Stress activates the sympatho-adreno-medullary (SAM) and HPA systems. Hormones like melatonin and others from the HPA axis modulate the sleep-wake cycle, while its dysfunction can disrupt sleep (98).

Effect of the COVID-19 pandemic on university students' lives

We found that 937 (63.9%) reported that the COVID-19 pandemic badly affected their lives, either directly or indirectly. Consistently with (99) which proved that COVID-19 confinement directly caused moderate to severe stress among university students. And agreeing with (76), stated that COVID-19 anxiety was significantly related to Crohn's disease symptom severity and social dysfunction. There were many reported causes of this stress, including infection with COVID-19, which was reported by a total of 828 students with different severities. Three hundred and seventy-seven (38.8%) of students experienced a relative's death with COVID-19, and 842 (57.4%) experienced home isolation. This was because on May 31st, the total number of confirmed cases was 267,171 cases, and 15,309 deaths by default affected all inhabitants in Egypt, including university students (100), and stress related to the high level of widespread vaccine hesitancy and worries about the COVID-19 vaccine, that only around one million citizens have been vaccinated out more than 100 million (101). In addition to the effect of the pandemic on their study, 783 (53.4%) studied online, 664 (45.3%) delayed exams, and 239 (30.2%) replaced. Even though Egypt thought these strategies would help stop the spread of the pandemic, all of these new experiences in learning and exams could be stressful and difficult for both the universities and students at this time (102). Furthermore, there are other factors like family responsibilities, personal health concerns, health problems that affected the family, and the economy that played a role.

In the students whose lives were adversely affected (T = 937) during the pandemic, there was a moderate to good (r > 0.76), positive or direct statistically significant association (p = 0.001) between the effects of COVID-19 on students' health status or that of their relatives, and the overall stress-related symptoms and its four subtypes.
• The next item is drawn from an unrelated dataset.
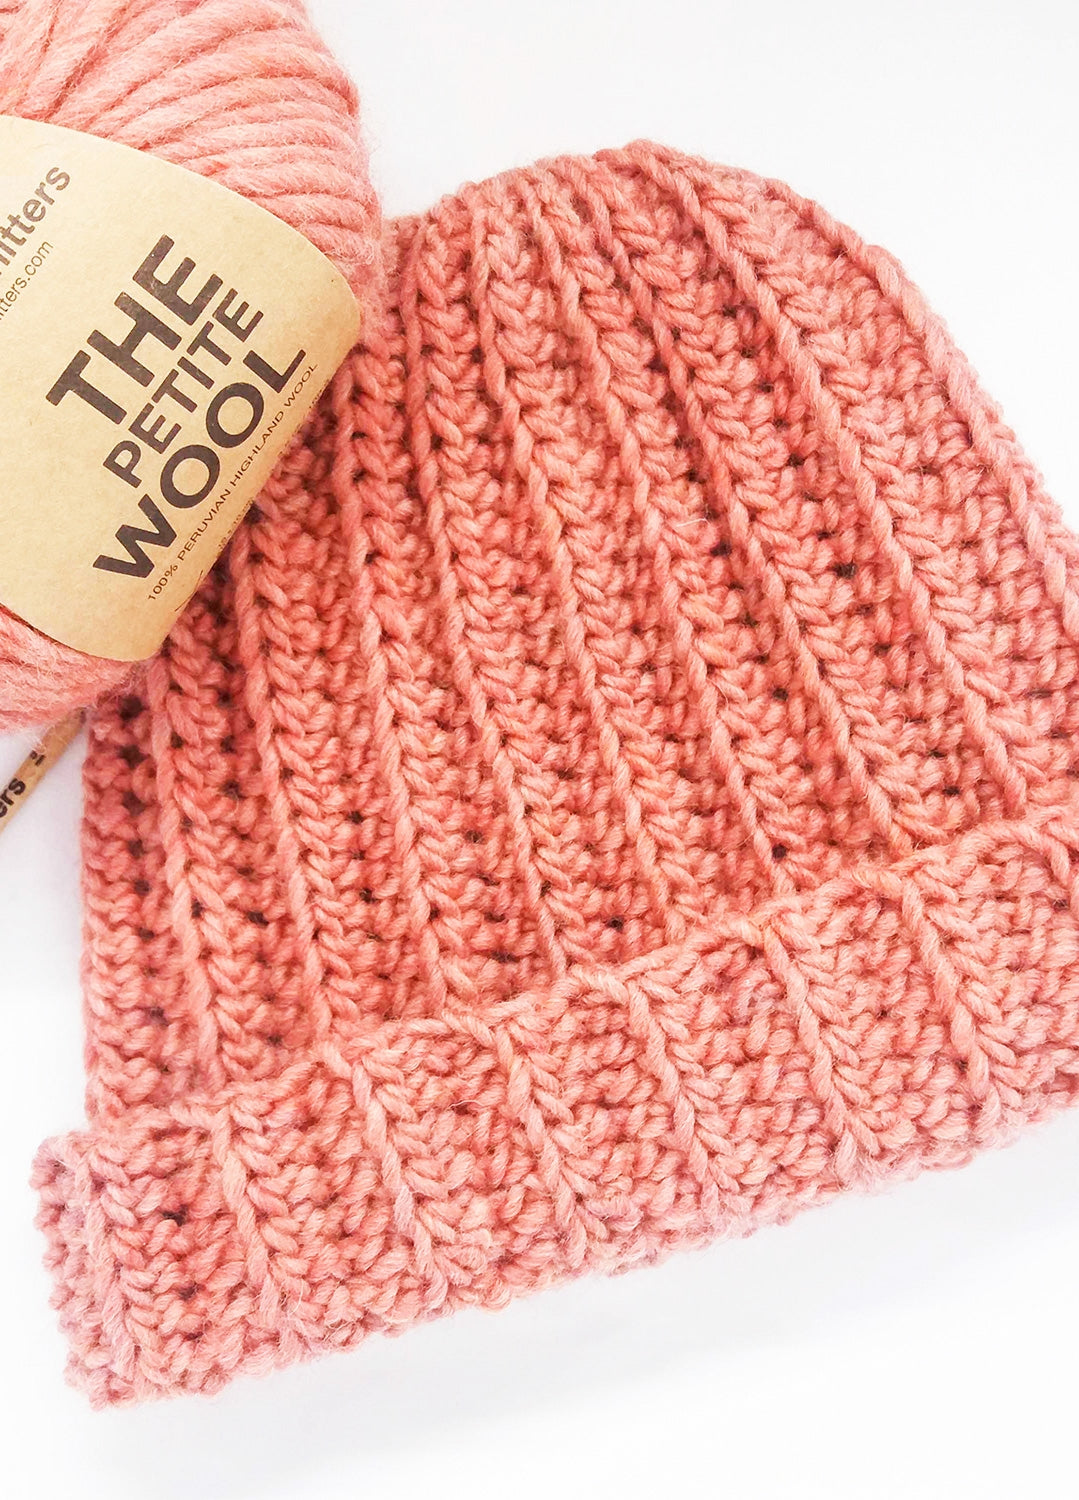 Make it yourself Crochet Kit Super chunky beanie hat kit (adult size)

In addition to COVID-19-related stress, the post-COVID-19 condition may be to blame for this. Additionally, as many as 828 (88.4%) of the population may have post-COVID-19 syndrome. Although there are many different, changing, and fluctuating clinical symptoms, fatigue and neurocognitive impairments are the most common. Post-COVID-19 syndrome, which manifests as a variety of emotional symptoms like depression and anxiety; physical symptoms like headaches, fatigue, and menstrual changes; behavioral symptoms like appetite and sleep disturbance; and post-COVID-19 cognitive impairment. Although post-COVID-19 syndrome is not well understood, its diagnostic criteria have not undergone adequate psychometric evaluation (103, 104). It is critical to distinguish it from stress-related symptoms.
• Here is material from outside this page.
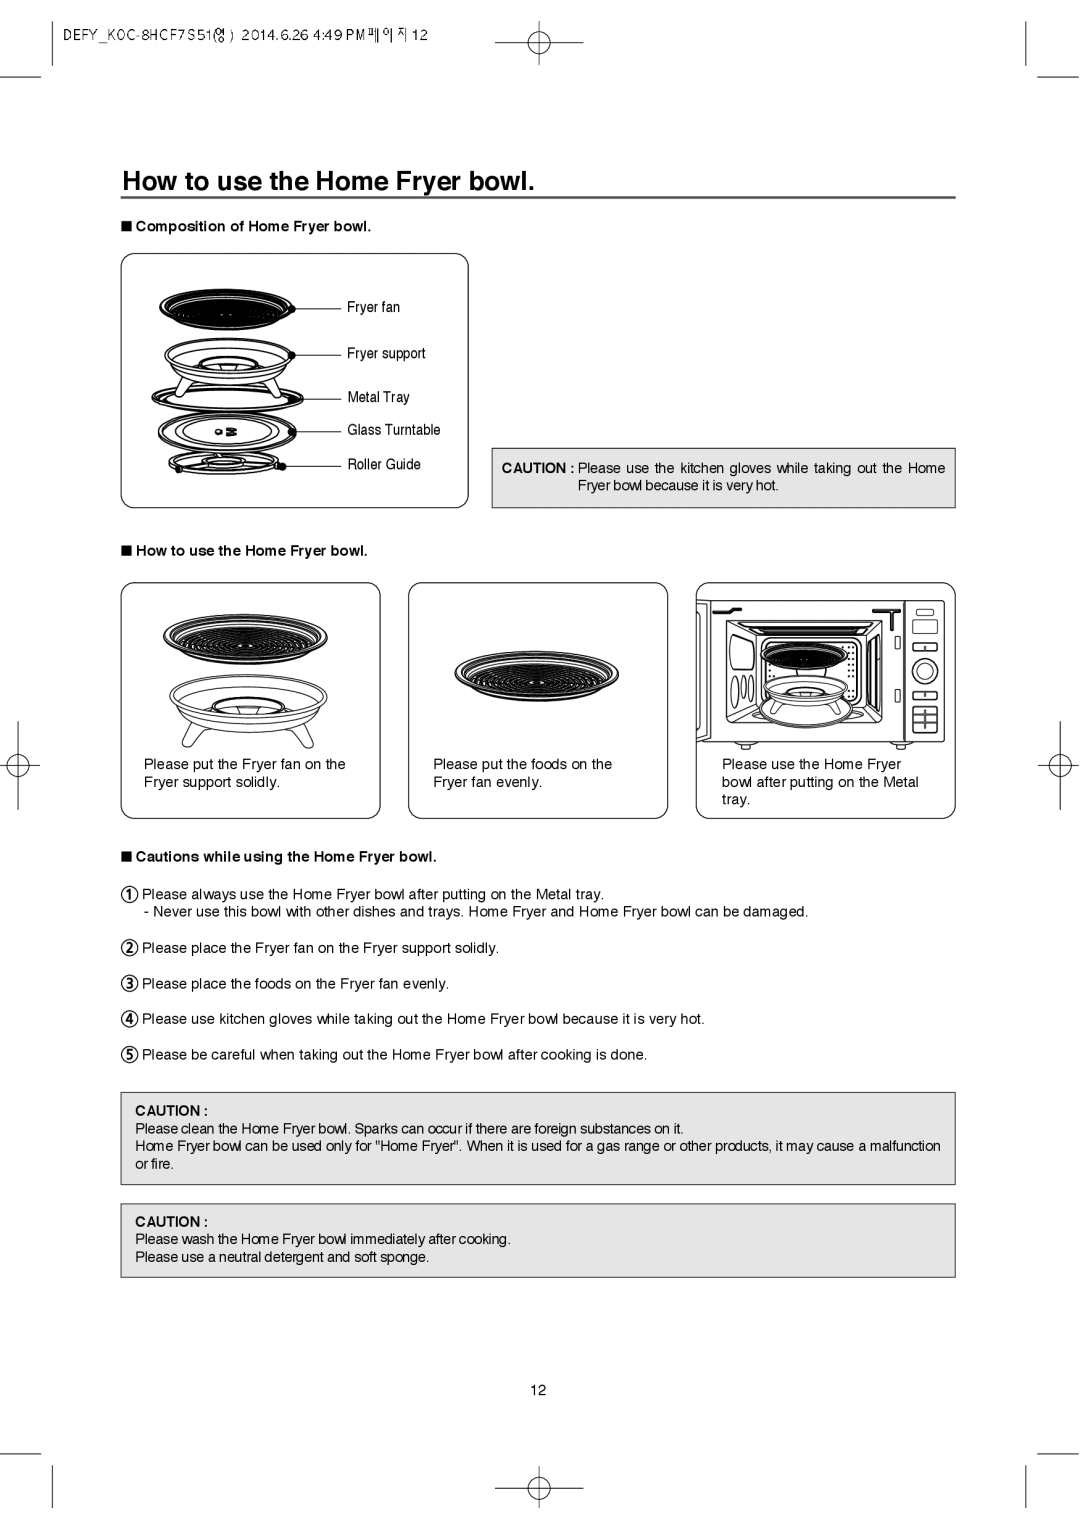 Defy Appliances MWA 2434 MM user manual How to use the Home Fryer bowl, Composition of Home Fryer bowl

PSS-10, and its determinants

In May 2021, our study showed that the frequency of moderate to severe stress among university students was more than 97% (65.4% moderate and 32.3% severe). This can be attributed to a variety of factors, including the fact that 937 (63.9%) of them reported that the COVID-19 pandemic had a negative impact on their lives, either directly or indirectly. Furthermore, during stressful times, the majority of recruited university students adopted negative coping strategies, preferring isolation and excessive sleeping. Positive coping strategies, consulting a psychiatrist, and meditation were the least reported.

The frequency of moderate-to-severe stress varied in different years and countries, but all were lower than ours. For example, 92.5% in Pakistan in 2013, 88.9% in Minia, Egypt in April 2017, 71.9% in Saudi Arabia in 2012, 62.3% in Fayoum, Egypt in 2017, and 54% in Ain Shams University in 2016 (38). This may be attributed to the challenges of the COVID-19 pandemic because more than 78.0% of the recruited students were females, who are more susceptible to stress than males, and 377 (38.8) of them experienced the death of a family member as a result of COVID-19 (death of a loved one is the number two of the top five stress drivers).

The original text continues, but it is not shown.